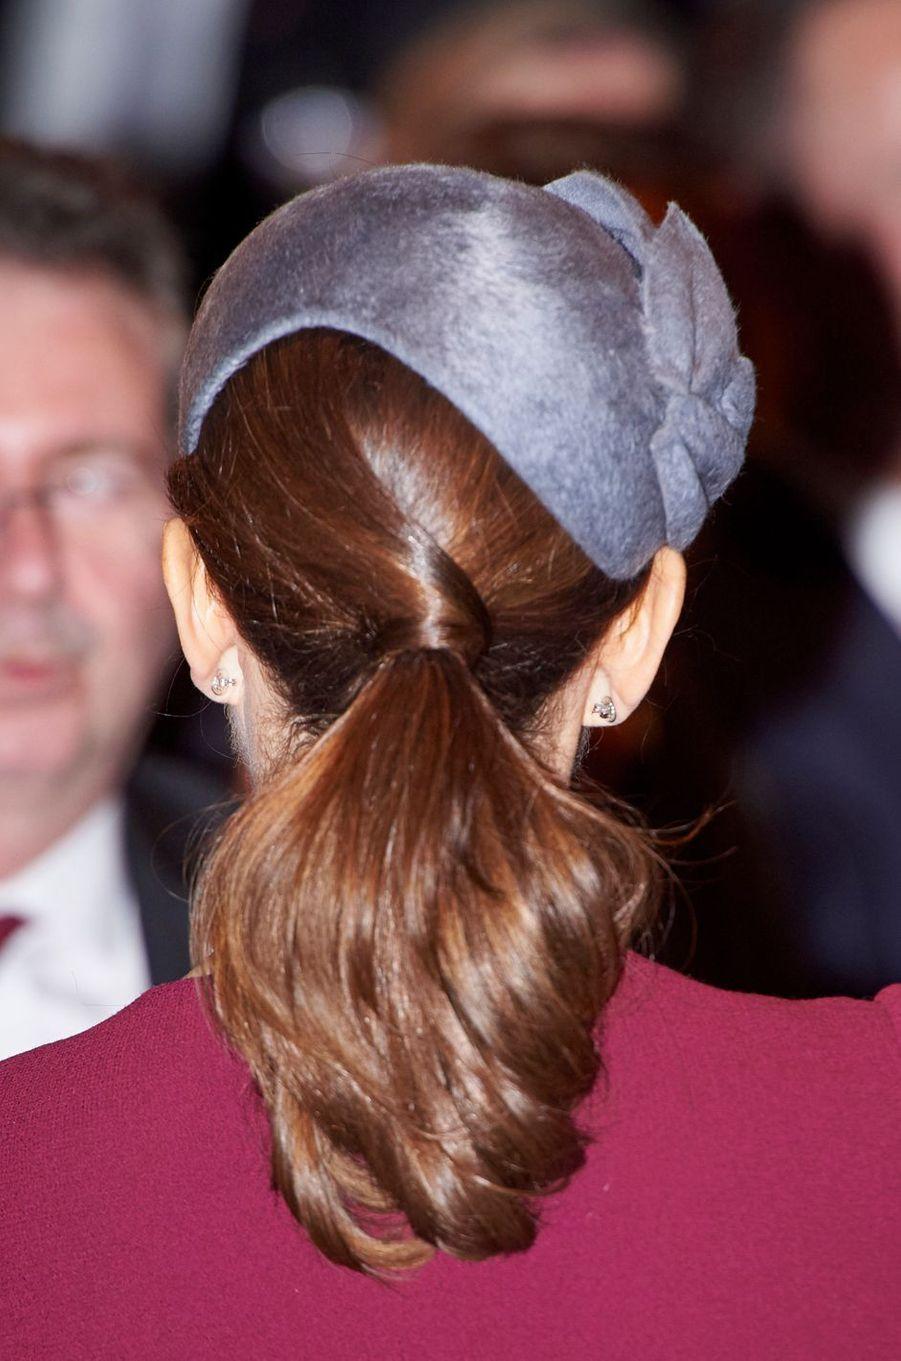 La princesse Mary de Danemark à Copenhague, le 29 mars 2017
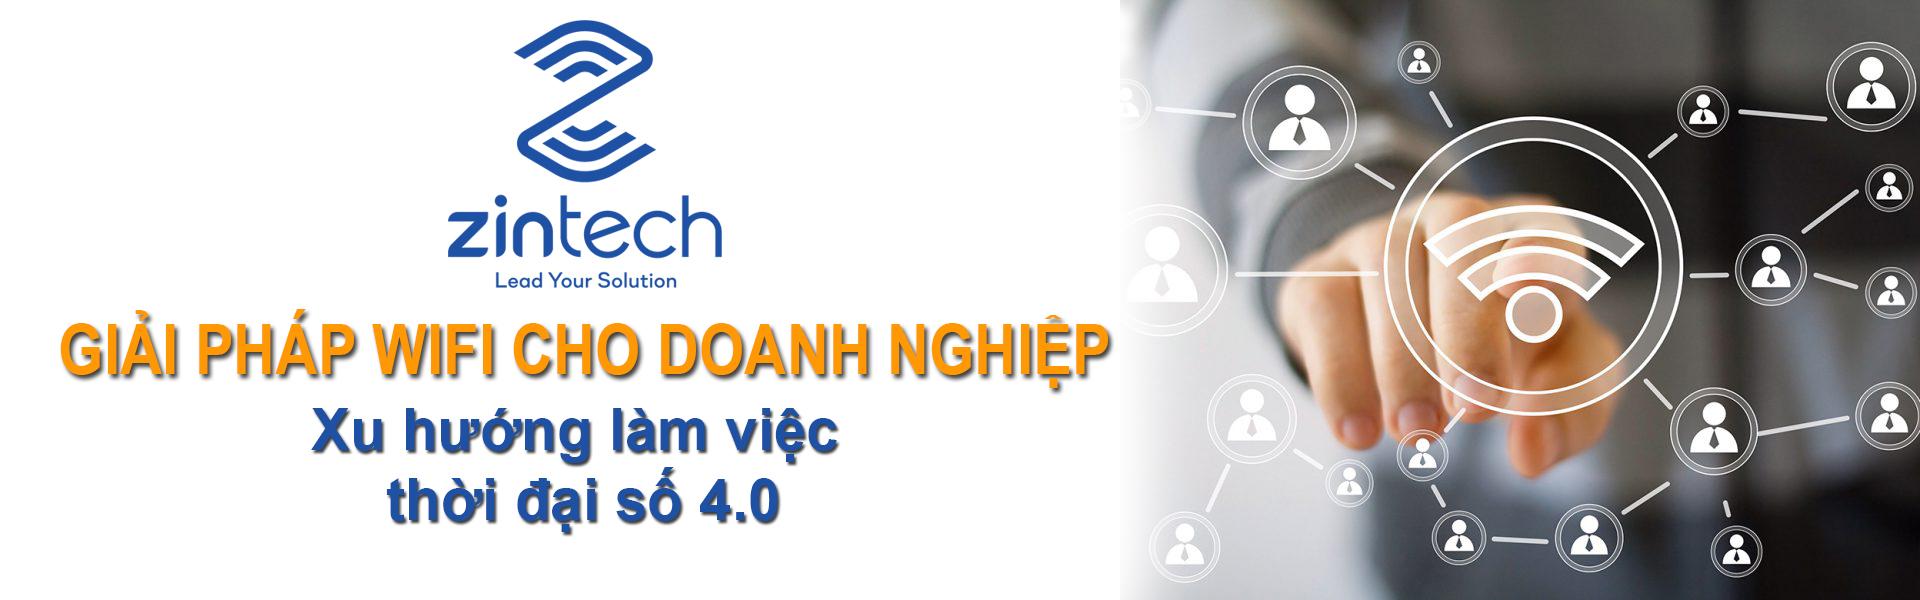 Giai phap wifi cho doanh nghiep cua zintech banner 1
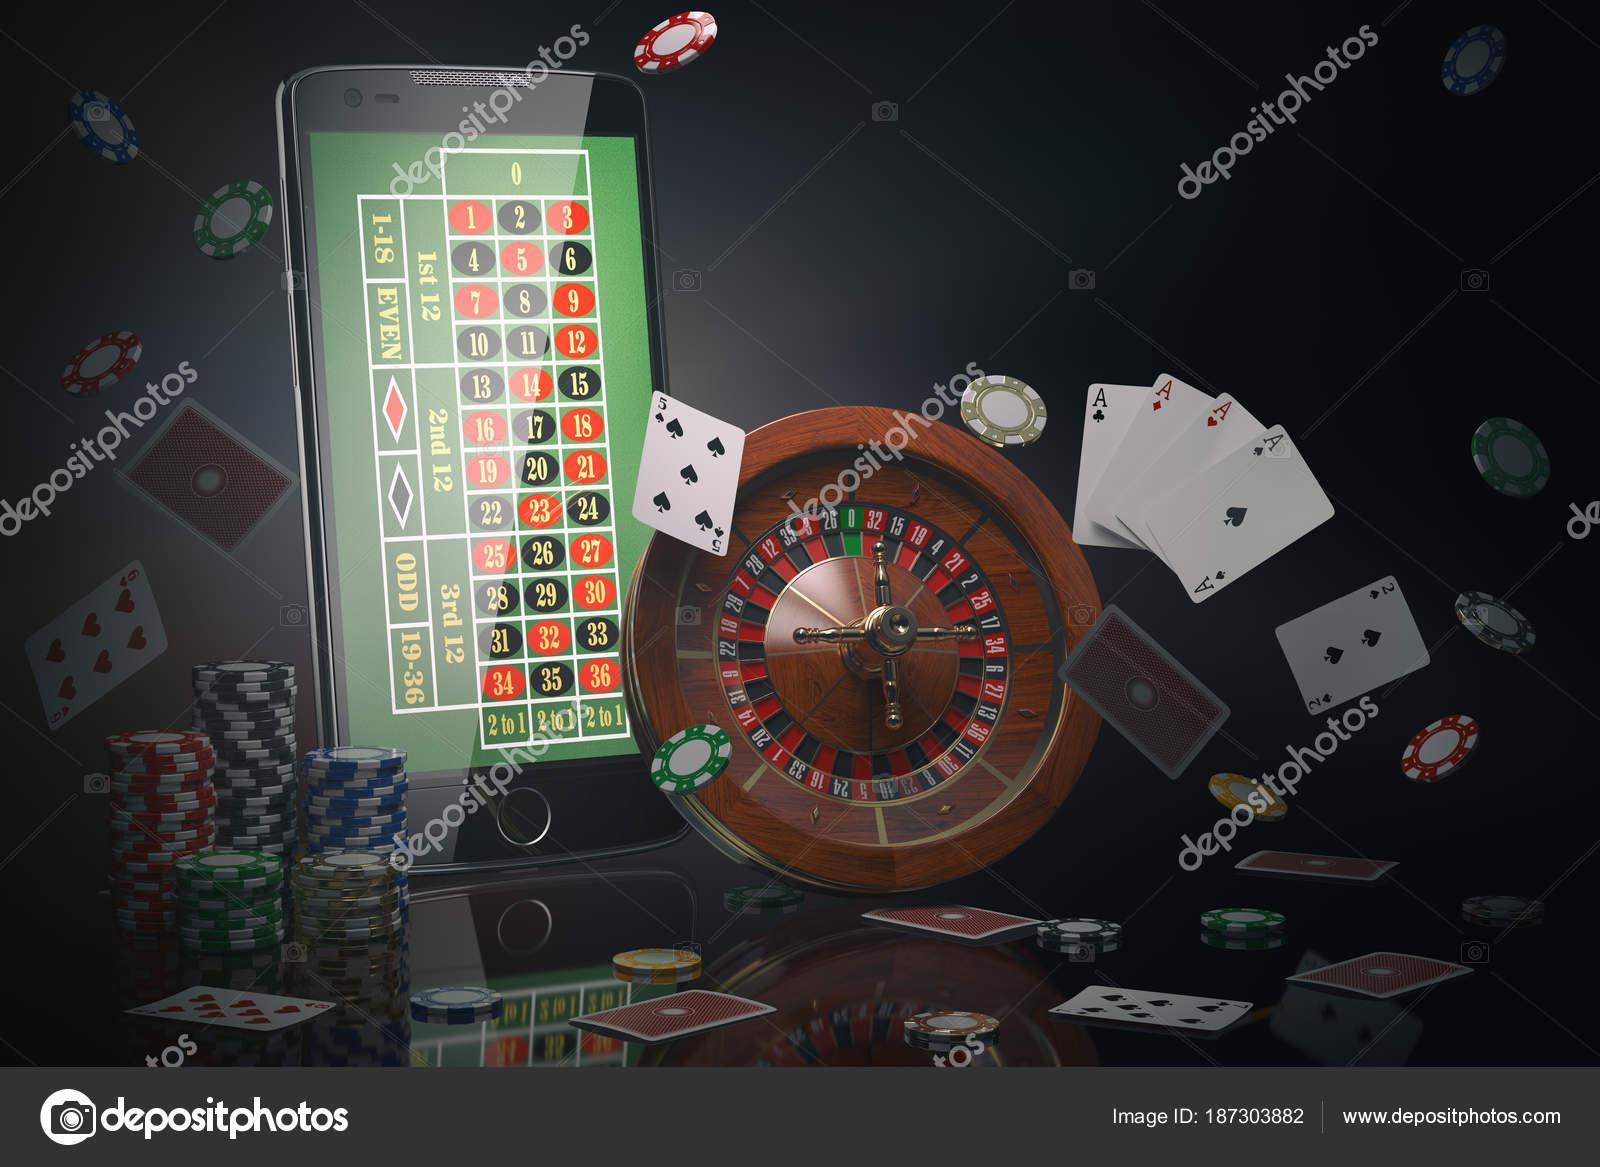 Онлайн казино - лучшее место для азарта
○ ○ ○ ○ ○ ○ ○
ASSIGNMENT: Transcribe all data precisely. Pictures are not copied.

OUTPUT FOR THIS TASK:
 La princesse Mary de Danemark à Copenhague, le 29 mars 2017
 Giai phap wifi cho doanh nghiep cua zintech banner 1
 Онлайн казино - лучшее место для азарта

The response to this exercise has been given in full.